WORKING DATA section start

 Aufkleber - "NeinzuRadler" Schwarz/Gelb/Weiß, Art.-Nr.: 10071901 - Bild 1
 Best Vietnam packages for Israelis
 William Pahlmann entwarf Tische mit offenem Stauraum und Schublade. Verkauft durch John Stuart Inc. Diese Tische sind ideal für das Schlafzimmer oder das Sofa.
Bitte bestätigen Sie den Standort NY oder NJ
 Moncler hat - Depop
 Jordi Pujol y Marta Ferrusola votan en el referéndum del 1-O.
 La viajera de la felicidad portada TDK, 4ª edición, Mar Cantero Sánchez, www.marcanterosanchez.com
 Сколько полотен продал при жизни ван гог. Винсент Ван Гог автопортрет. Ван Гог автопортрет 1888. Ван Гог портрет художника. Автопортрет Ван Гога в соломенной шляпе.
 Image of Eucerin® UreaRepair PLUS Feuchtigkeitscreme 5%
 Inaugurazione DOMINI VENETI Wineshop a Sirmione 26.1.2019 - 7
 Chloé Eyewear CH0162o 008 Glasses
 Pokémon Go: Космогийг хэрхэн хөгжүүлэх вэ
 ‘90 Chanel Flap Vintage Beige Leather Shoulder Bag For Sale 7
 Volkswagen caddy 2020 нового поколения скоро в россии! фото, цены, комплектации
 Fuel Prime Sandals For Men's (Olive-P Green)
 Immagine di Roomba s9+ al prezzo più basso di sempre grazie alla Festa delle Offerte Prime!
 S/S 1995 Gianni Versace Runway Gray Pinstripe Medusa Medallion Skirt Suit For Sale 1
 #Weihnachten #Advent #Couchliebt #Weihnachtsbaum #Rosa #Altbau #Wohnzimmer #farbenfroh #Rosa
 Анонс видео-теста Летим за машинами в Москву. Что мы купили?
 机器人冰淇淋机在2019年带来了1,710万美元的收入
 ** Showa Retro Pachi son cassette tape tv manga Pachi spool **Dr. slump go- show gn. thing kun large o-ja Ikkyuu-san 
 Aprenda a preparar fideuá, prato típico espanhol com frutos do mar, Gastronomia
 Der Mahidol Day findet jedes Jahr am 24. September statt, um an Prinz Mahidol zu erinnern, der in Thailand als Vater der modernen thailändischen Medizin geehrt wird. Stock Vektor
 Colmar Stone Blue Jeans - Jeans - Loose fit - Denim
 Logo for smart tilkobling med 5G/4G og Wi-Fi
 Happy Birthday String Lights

WORKING DATA section end

◆ TO DO ◆
Output all lines from the beginning of the data up to the line holding "Immagine di Roomba", that line included, exactly as written.

◆ RESULT BELOW ◆
 Aufkleber - "NeinzuRadler" Schwarz/Gelb/Weiß, Art.-Nr.: 10071901 - Bild 1
 Best Vietnam packages for Israelis
 William Pahlmann entwarf Tische mit offenem Stauraum und Schublade. Verkauft durch John Stuart Inc. Diese Tische sind ideal für das Schlafzimmer oder das Sofa.
Bitte bestätigen Sie den Standort NY oder NJ
 Moncler hat - Depop
 Jordi Pujol y Marta Ferrusola votan en el referéndum del 1-O.
 La viajera de la felicidad portada TDK, 4ª edición, Mar Cantero Sánchez, www.marcanterosanchez.com
 Сколько полотен продал при жизни ван гог. Винсент Ван Гог автопортрет. Ван Гог автопортрет 1888. Ван Гог портрет художника. Автопортрет Ван Гога в соломенной шляпе.
 Image of Eucerin® UreaRepair PLUS Feuchtigkeitscreme 5%
 Inaugurazione DOMINI VENETI Wineshop a Sirmione 26.1.2019 - 7
 Chloé Eyewear CH0162o 008 Glasses
 Pokémon Go: Космогийг хэрхэн хөгжүүлэх вэ
 ‘90 Chanel Flap Vintage Beige Leather Shoulder Bag For Sale 7
 Volkswagen caddy 2020 нового поколения скоро в россии! фото, цены, комплектации
 Fuel Prime Sandals For Men's (Olive-P Green)
 Immagine di Roomba s9+ al prezzo più basso di sempre grazie alla Festa delle Offerte Prime!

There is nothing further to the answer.